|
Для них это было развлечением, поэтому меня не убили сразу, навалившись со всех сторон. Дикари нападали по одному, проверяя свою доблесть. Один-два удара, с разных направлений, но я начинал уставать.
Моя лошадь убежала вслед за Родериком, лошадь Кутберта увели дикари, а на своих двоих мне не убежать. Меня накрыло отчаяние и осознание скорой смерти. Впервые за всю жизнь.
Я отбил ещё один удар гаэльского копья, полоснул по ноге дикаря, краем глаза увидел летящую сверху дубинку, подставил меч под удар, но тот сломался. В руке у меня остался обломок, длиной с ладонь, ни на что не годный. Я выругался, а дикари гадко засмеялись. Я бросил обломок в атакующего язычника, упал на землю, пытаясь схватить лежащее в траве копьё, но получил сапогом по руке, а затем меня стукнули дубинкой по голове и я отключился.
Я проснулся от того, что мы остановились. Я лежал, связанный по рукам и ногам, на крупе лошади Кутберта, рядом с мёртвым гаэлом. Из седельной сумки пахло лепёшками, а от мертвеца пахло кровью и потом.

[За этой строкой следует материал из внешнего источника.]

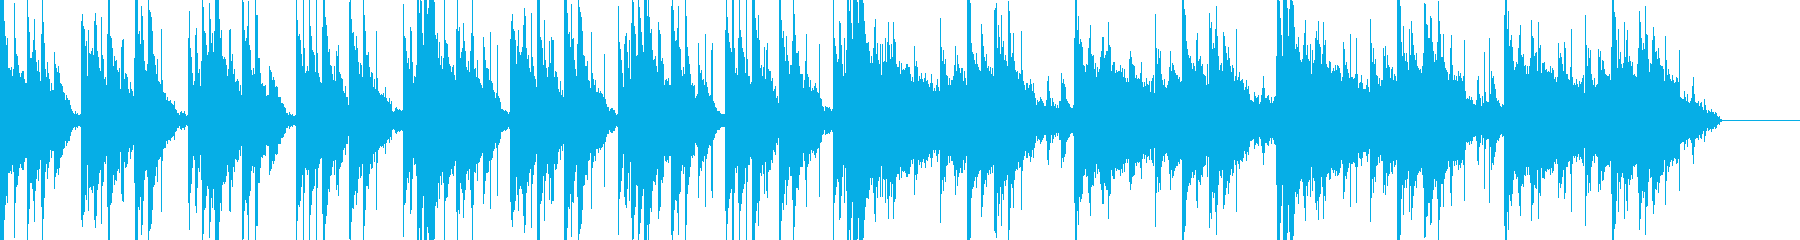 ちょっと怖めな和風っぽいシネマティックの再生済みの波形

Дикари остановились возле одного из каменных столбов, что иногда встречались в холмах. Кто-то говорил, что это столбы дьявола, кто-то говорил, что их поставили древние люди, но никто не мог объяснить, зачем они стояли посреди вересковых пустошей.
Я притворился спящим, когда один из гаэлов, старый воин, исполосованный шрамами, подошёл к лошади. На мгновение я подумал, что меня хотят принести в жертву или использовать в нечестивых ритуалах у подножия столба, но дикарь достал из сумки пару лепёшек и оставил их как подношение.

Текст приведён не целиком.